(Stored data Opens)
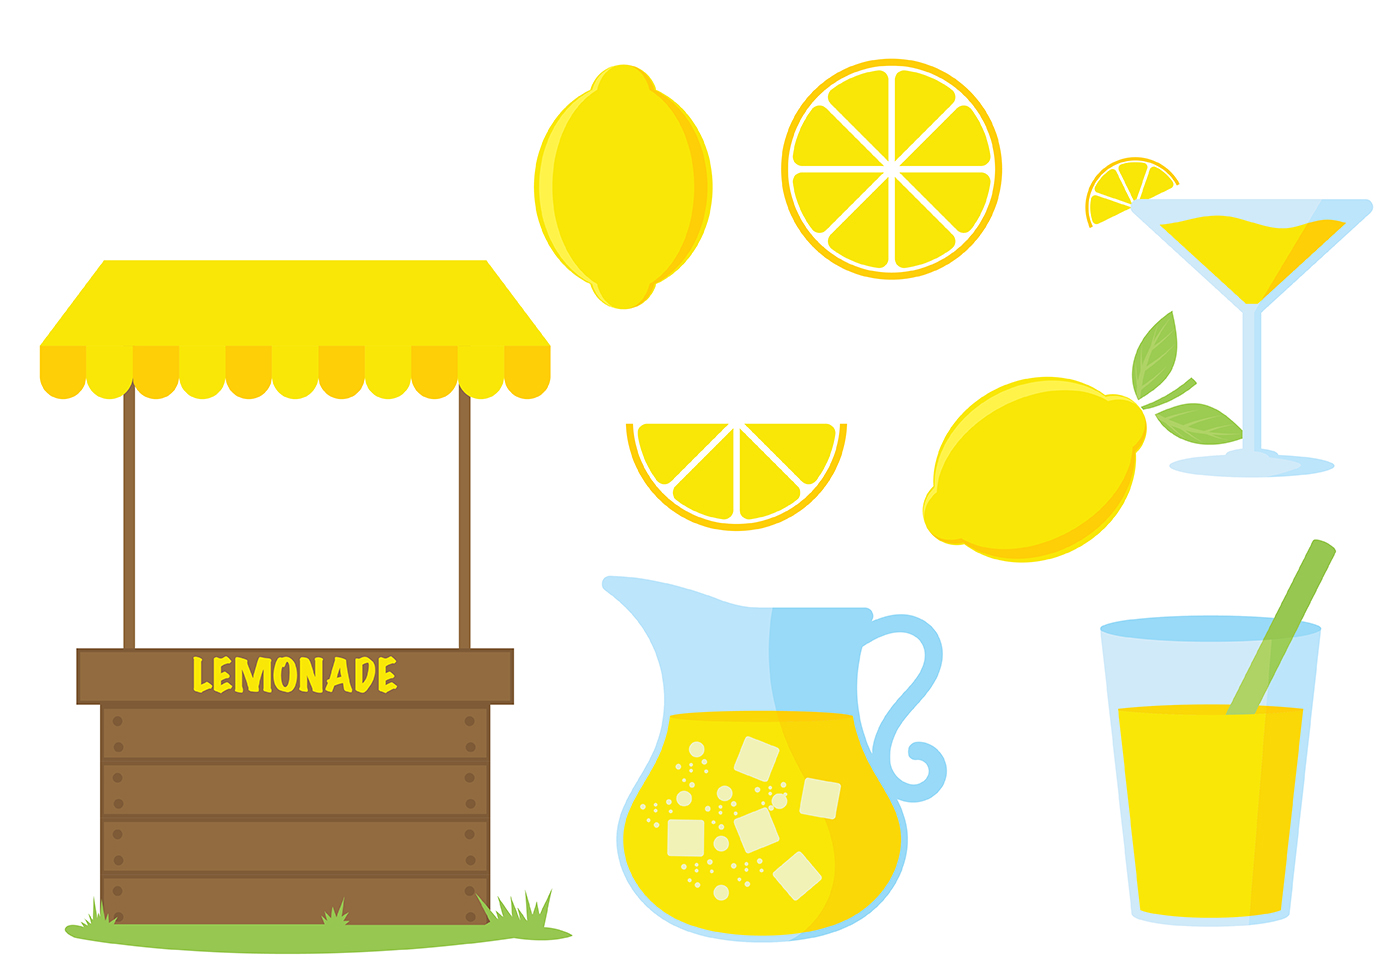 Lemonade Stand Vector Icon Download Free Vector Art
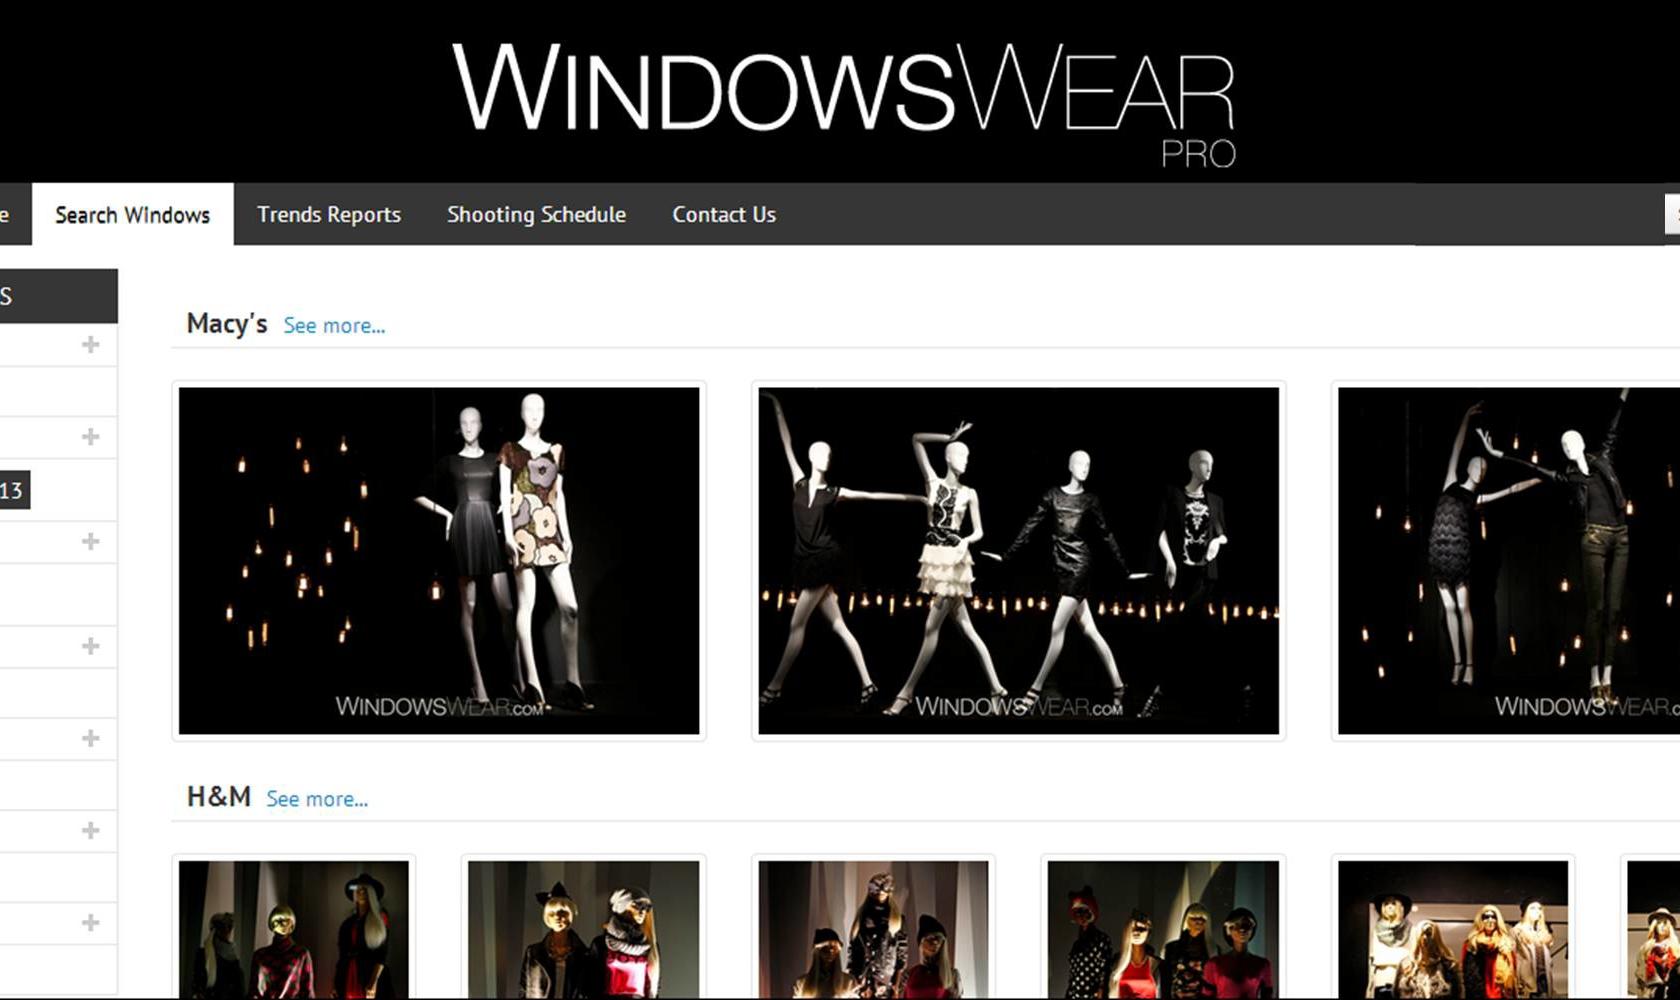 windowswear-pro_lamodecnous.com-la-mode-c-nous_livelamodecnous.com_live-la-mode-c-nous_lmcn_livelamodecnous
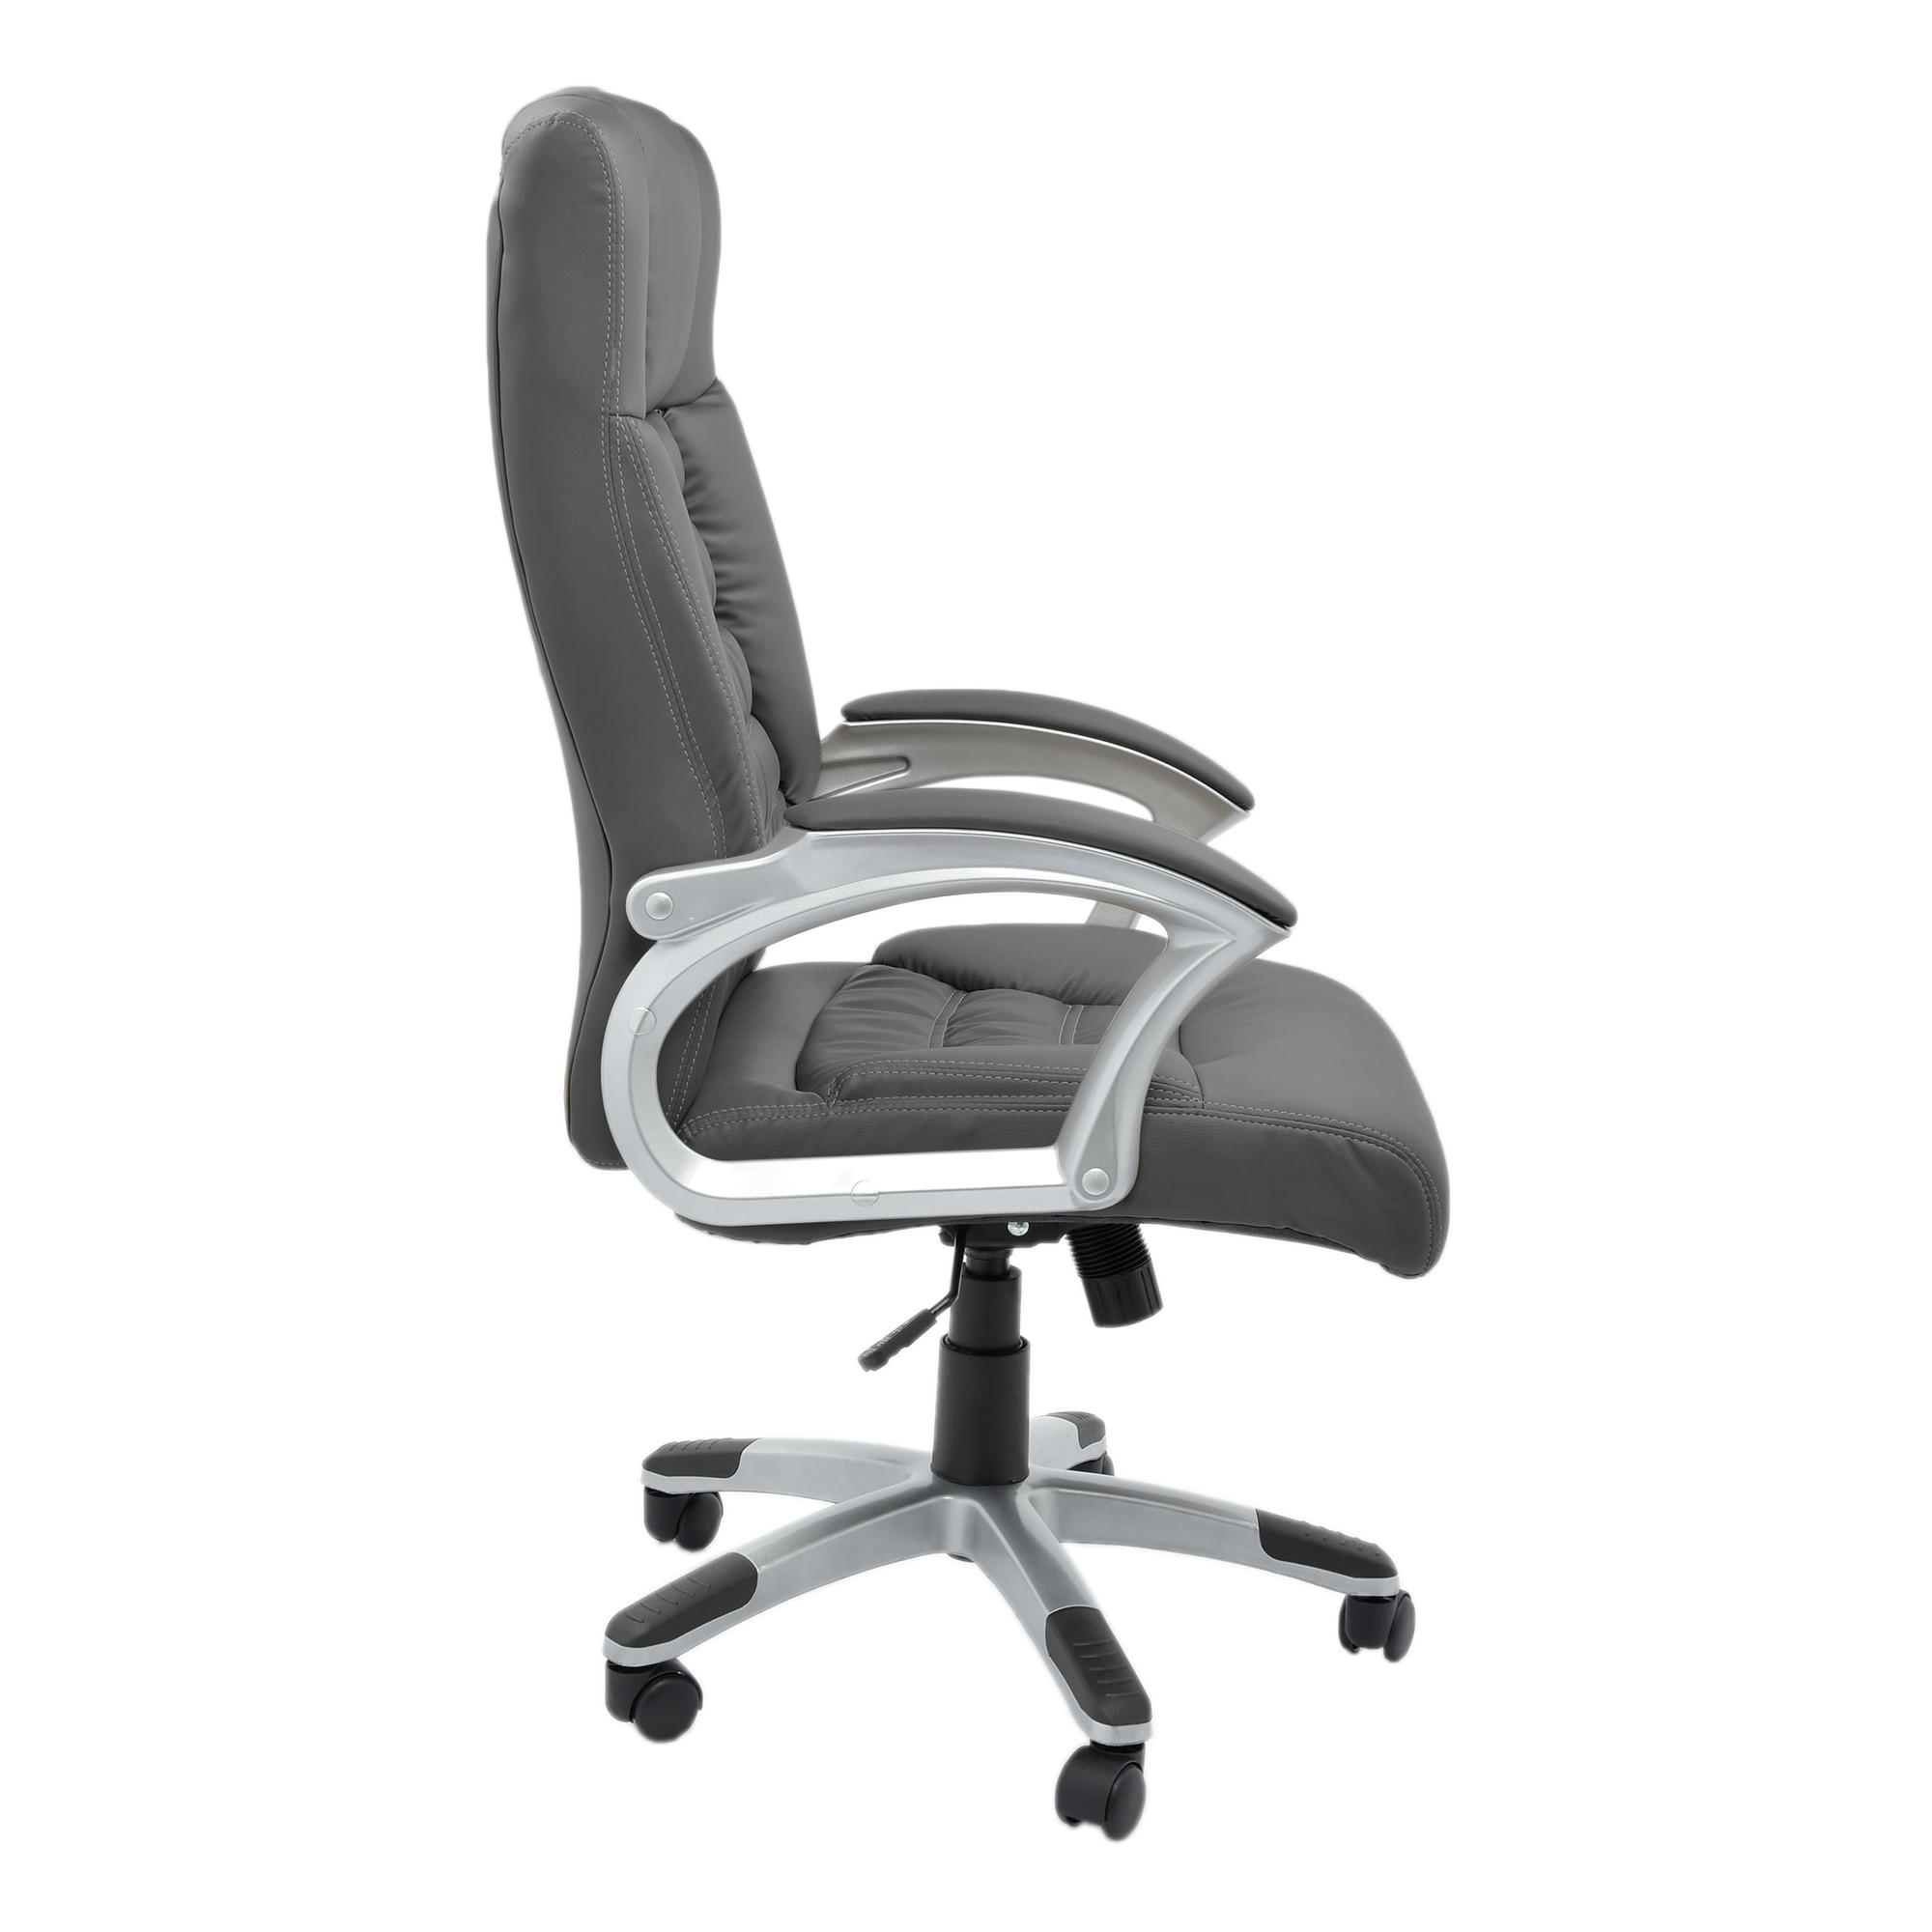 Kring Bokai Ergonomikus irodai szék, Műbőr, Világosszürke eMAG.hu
(Stored data Closes)
# Task requirements
Leave the pictures out and copy the rest of the data exactly.

# Expected answer
 Lemonade Stand Vector Icon Download Free Vector Art
 windowswear-pro_lamodecnous.com-la-mode-c-nous_livelamodecnous.com_live-la-mode-c-nous_lmcn_livelamodecnous
 Kring Bokai Ergonomikus irodai szék, Műbőr, Világosszürke eMAG.hu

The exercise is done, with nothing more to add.